Joel Kolstad · Dec 19, 2006

Skybuck Flying said:
Why not execute both branches in two seperate logic units etc... and once
the real outcome is know continue with one of the two prepared branches ?

This is not uncommon; it's termed "speculuative execution" and has appeared in
the occasional desktop PC (the old DEC/Compaq Alpha CPU probably being the
most common -- I don't think Pentium do it).

It's not ubiquitous because -- with branch prediction already as good as it
is -- you're adding significant extra hardware to execute both paths
simultaneously and then having to cancel the path that turns out to be
"wrong." Additionally, with pipelines as deep as they are now, it probably
wouldn't be uncommon to hit another branch before your even knew the correct
result of the *first* branch, and now you're stuck with need either 4 parallel
execution units or stalling anyway. So... most people seem to think
additional hardware resources are better spent on avoiding stalls through,
e.g., scheduling multiple *threads* simultaneously (e.g., Intel's
Hyperthreading).

The comp.arch guys could give you much better answers than I can; I'm just
recalling what I learned back in school from Patteron/Hennessy's book.
(You'll definitely want to check out a copy some time... it's a pretty simple
book -- anyone with a high-school education can understand it --- but they do
a very good job of explaining how you'd go about building your own RISC CPU,
as well as why a lot of ideas that sound good on paper end up not being worth
the transistors in actuality.)

@#@#$% -- I'm noticing you already posted this to comp.arch... well, ignore
me -- as I say, they know much more about it than I do!

---Joel

Mark Brehob · Dec 19, 2006

The idea of executing down both paths (called, imaginatively enough
"dual-path execution") is actually pretty complex. Firstly, you'd only
want to do this for branches that you suspect you will get wrong. So
you need a confidence predictor (not hard to build mind you, and some
branch predictors effectively provide one). Then comes the hard part.
You need to be able to start both "threads" and kill the wrong one
later. This gets tricky to do well. Killing a somewhat arbitrary set
of

I just had a student group do a class project where they implemented a
very simple version of this and they really struggled with it. The
group had built a functional out-of-order processor (in synthesizable
Verilog) but that part was a huge amount of work and didn't really help
performance enough to offset the clock-period effects.

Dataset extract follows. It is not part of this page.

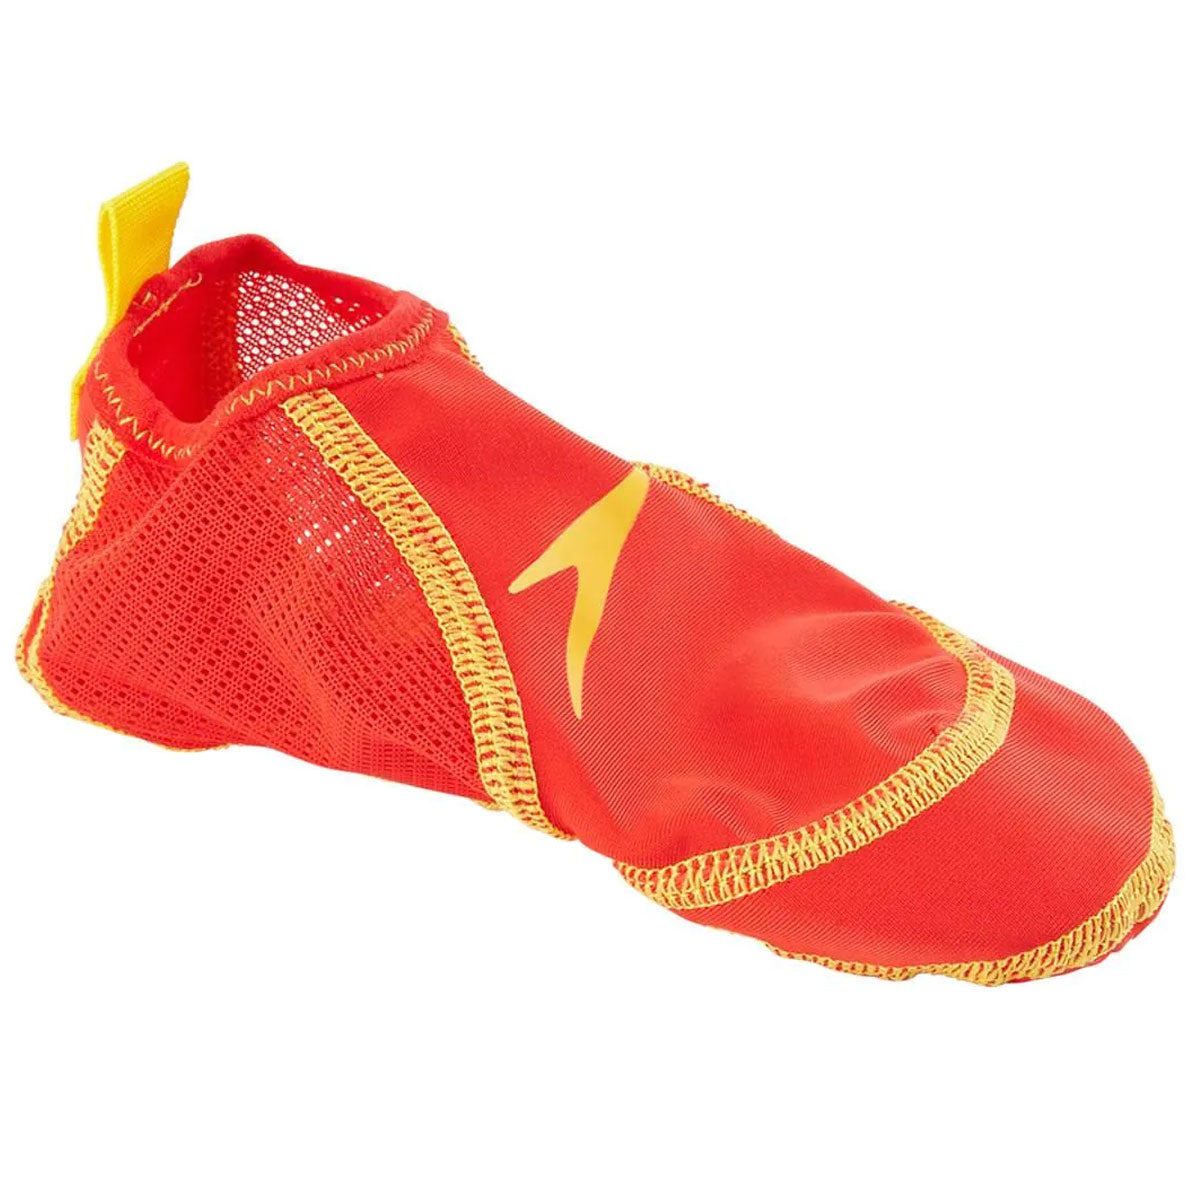 Speedo Pool Sock - Youth - Yellow/Red

I'm not saying
it can't be done (I suspect it can be done with a performance gain) but
this was a pretty good group of folks and they found it hard to get
right.

So the idea's been around. AFAIK, no commercial processor has done
this. And with power as the leading constraint I'm not sure anyone
will in the near-term.

Mark Brehob,
Lecturer in EECS at the University of Michigan.

Tim Wescott · Dec 19, 2006

Mark Brehob wrote:
(top posting fixed)

The idea of executing down both paths (called, imaginatively enough
"dual-path execution") is actually pretty complex. Firstly, you'd only
want to do this for branches that you suspect you will get wrong. So
you need a confidence predictor (not hard to build mind you, and some
branch predictors effectively provide one). Then comes the hard part.
You need to be able to start both "threads" and kill the wrong one
later. This gets tricky to do well. Killing a somewhat arbitrary set
of

I just had a student group do a class project where they implemented a
very simple version of this and they really struggled with it. The
group had built a functional out-of-order processor (in synthesizable
Verilog) but that part was a huge amount of work and didn't really help
performance enough to offset the clock-period effects. I'm not saying
it can't be done (I suspect it can be done with a performance gain) but
this was a pretty good group of folks and they found it hard to get
right.

So the idea's been around. AFAIK, no commercial processor has done
this. And with power as the leading constraint I'm not sure anyone
will in the near-term.

Mark Brehob,
Lecturer in EECS at the University of Michigan.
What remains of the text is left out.